Assigned task - Set the material down again exactly, line by line, skipping each picture.
::: Data extract
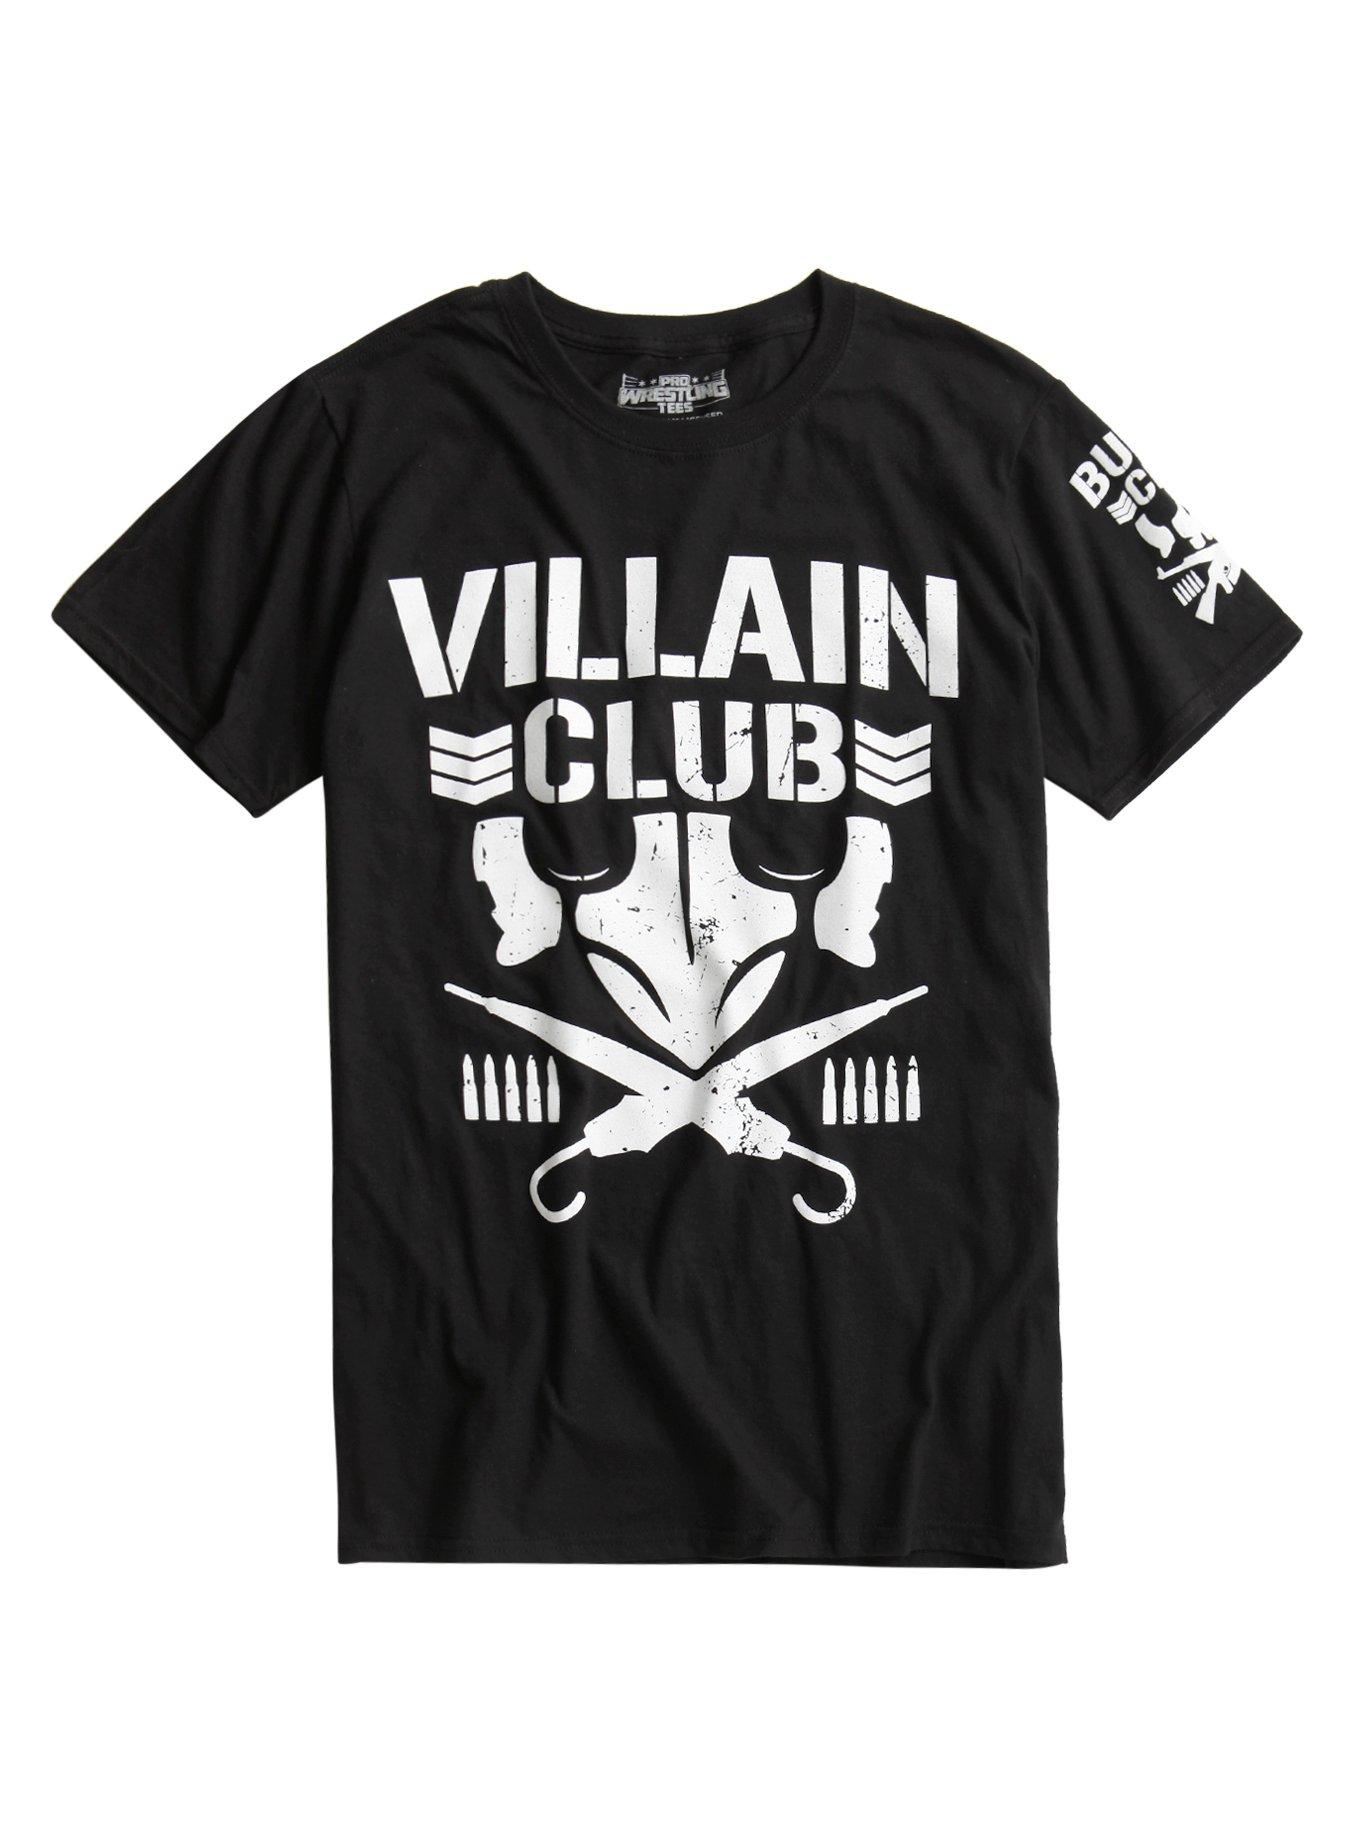 New Japan Pro-Wrestling Bullet Club Villain Club Logo T-Shirt, BLACK, hi-res
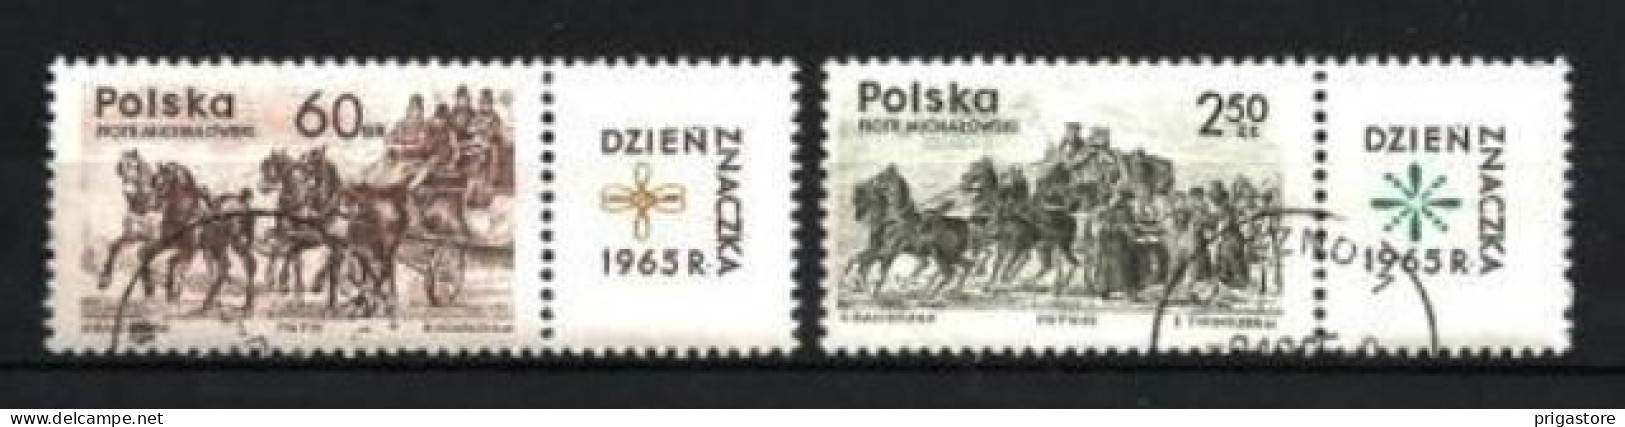 Chevaux Pologne 1965 (41) Yvert N° 1480 + 1481 Oblitéré Used - Horses
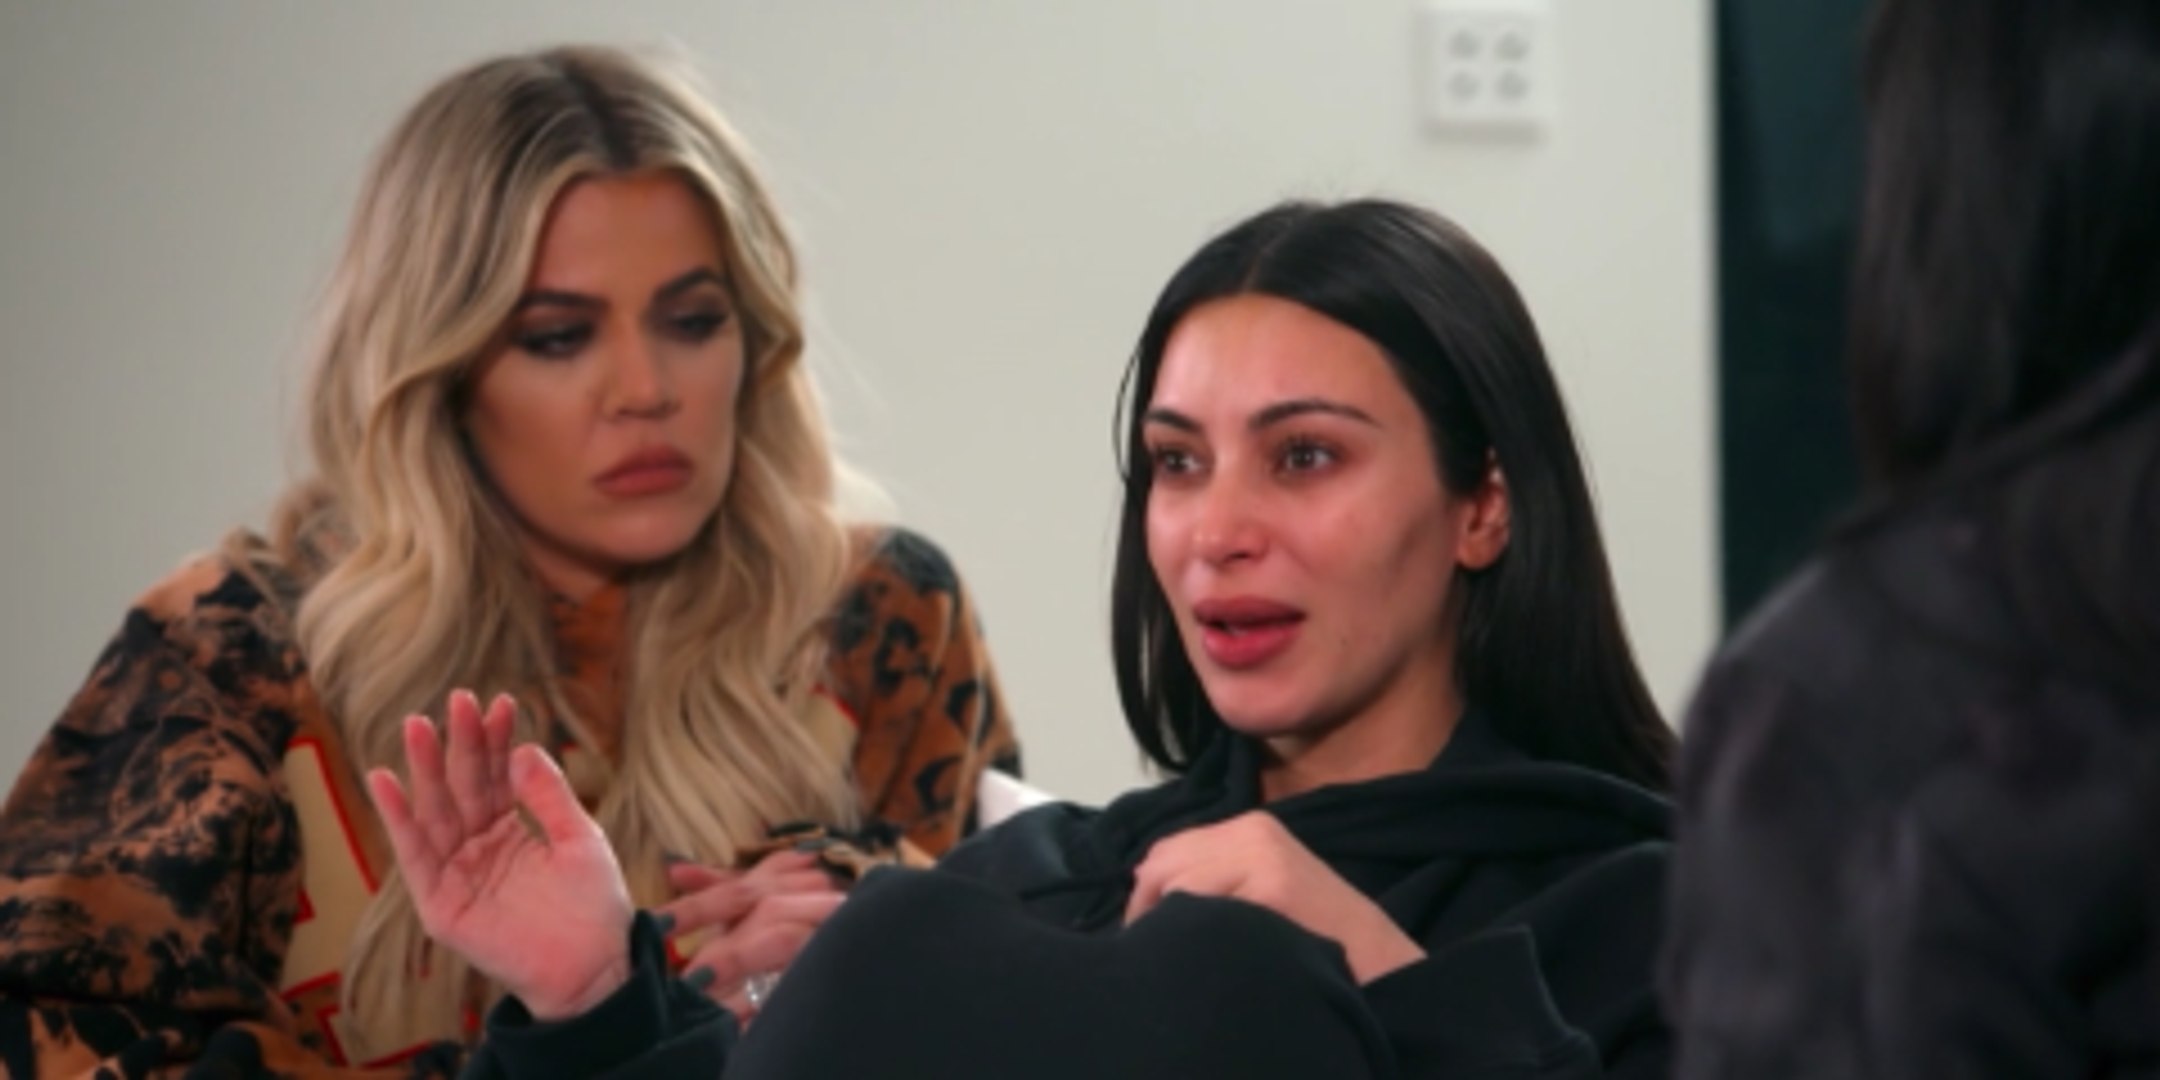 Keeping Up With The Kardashians Season 14 Episode 7
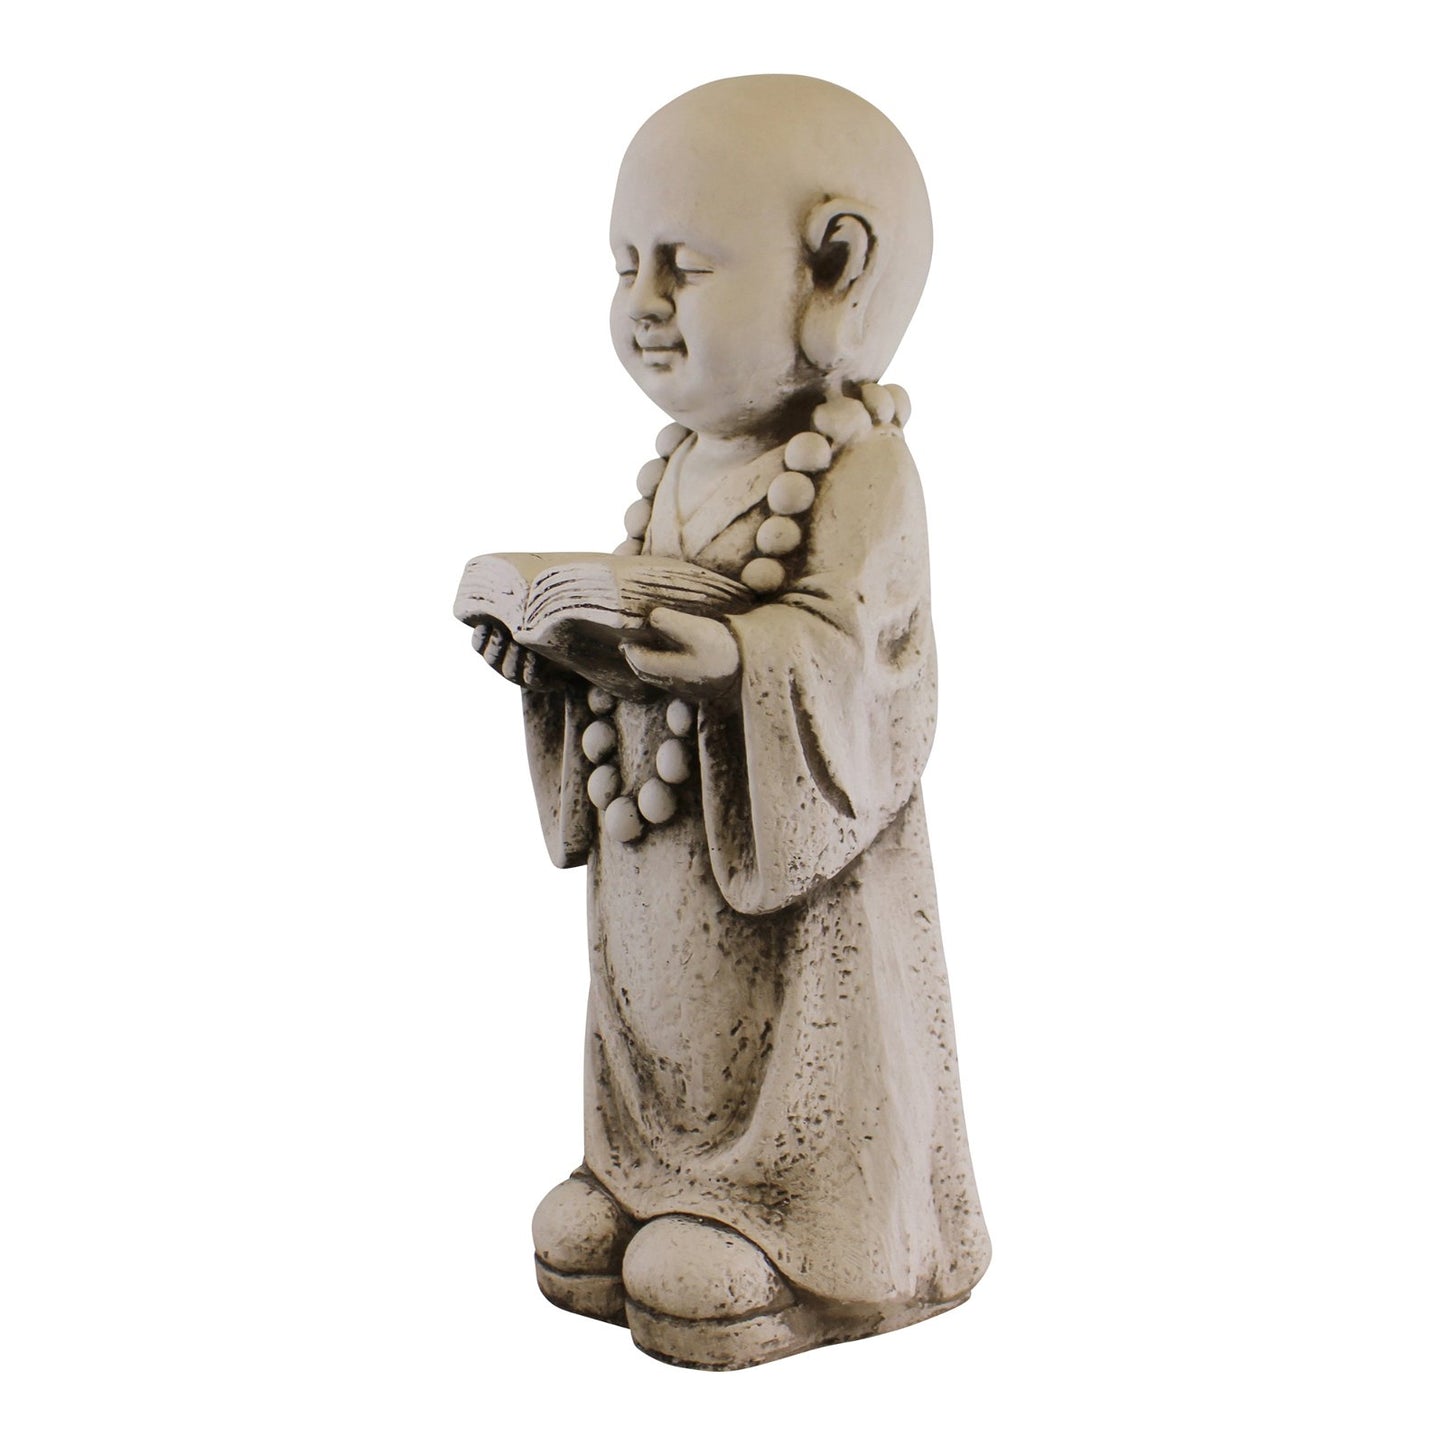 Stone Effect Garden Ornament, Monk Reading
::::::
Reply -
 New Japan Pro-Wrestling Bullet Club Villain Club Logo T-Shirt, BLACK, hi-res
 Chevaux Pologne 1965 (41) Yvert N° 1480 + 1481 Oblitéré Used - Horses
 Keeping Up With The Kardashians Season 14 Episode 7
 Stone Effect Garden Ornament, Monk Reading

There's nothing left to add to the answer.